Goal of the exercise —
Look through the records below for the line with "Dolce & Gabbana Yellow Leather Bag". Return that line and each one after it up to and including the line with "THEME TIR SPORTIF", exactly.

Given records —
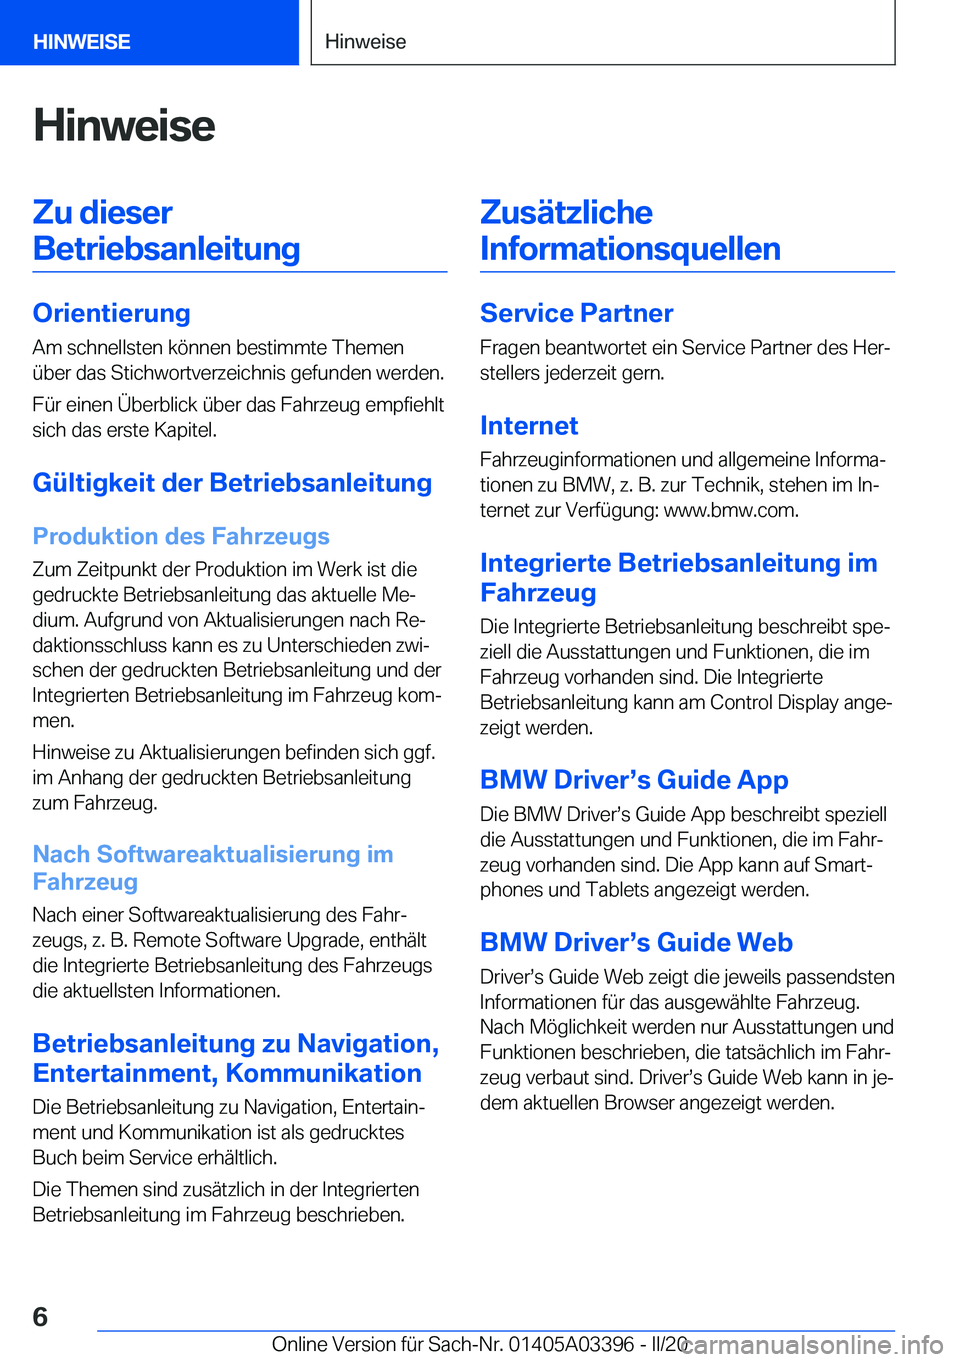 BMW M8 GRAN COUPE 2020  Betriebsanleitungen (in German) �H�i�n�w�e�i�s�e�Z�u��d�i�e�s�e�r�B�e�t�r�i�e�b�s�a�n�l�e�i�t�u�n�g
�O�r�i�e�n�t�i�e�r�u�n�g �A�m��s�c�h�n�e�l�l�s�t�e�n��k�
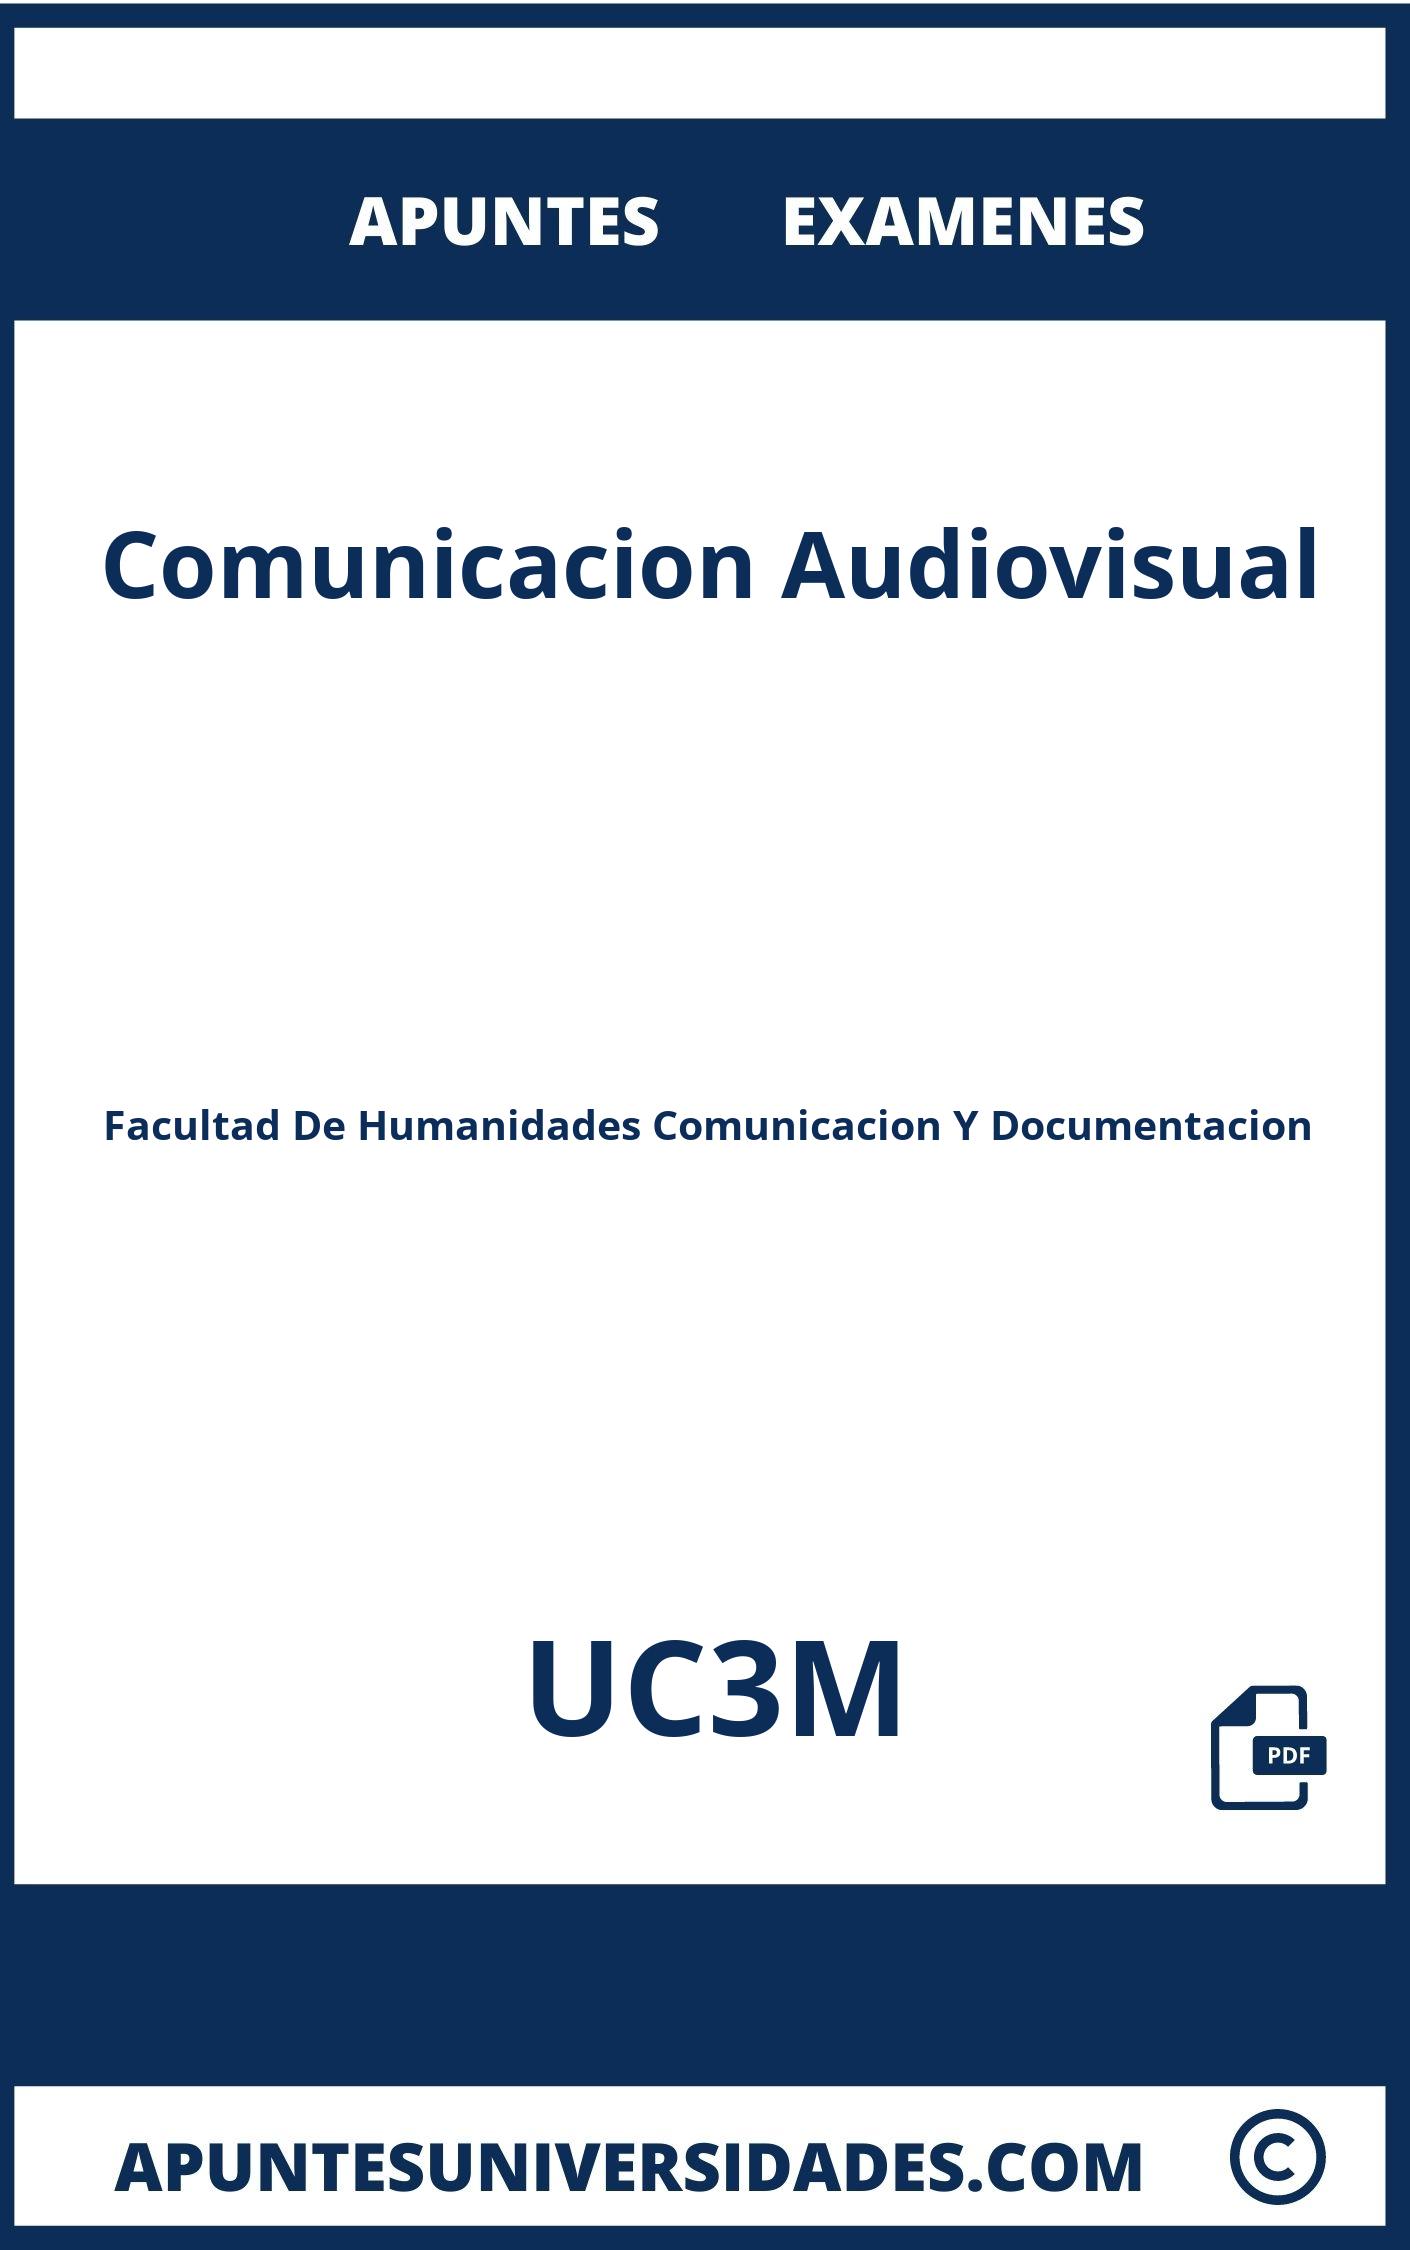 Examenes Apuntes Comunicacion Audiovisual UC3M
* * *
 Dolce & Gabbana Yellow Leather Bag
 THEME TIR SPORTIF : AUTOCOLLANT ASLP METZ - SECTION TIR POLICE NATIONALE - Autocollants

Answer area —
 Dolce & Gabbana Yellow Leather Bag
 THEME TIR SPORTIF : AUTOCOLLANT ASLP METZ - SECTION TIR POLICE NATIONALE - Autocollants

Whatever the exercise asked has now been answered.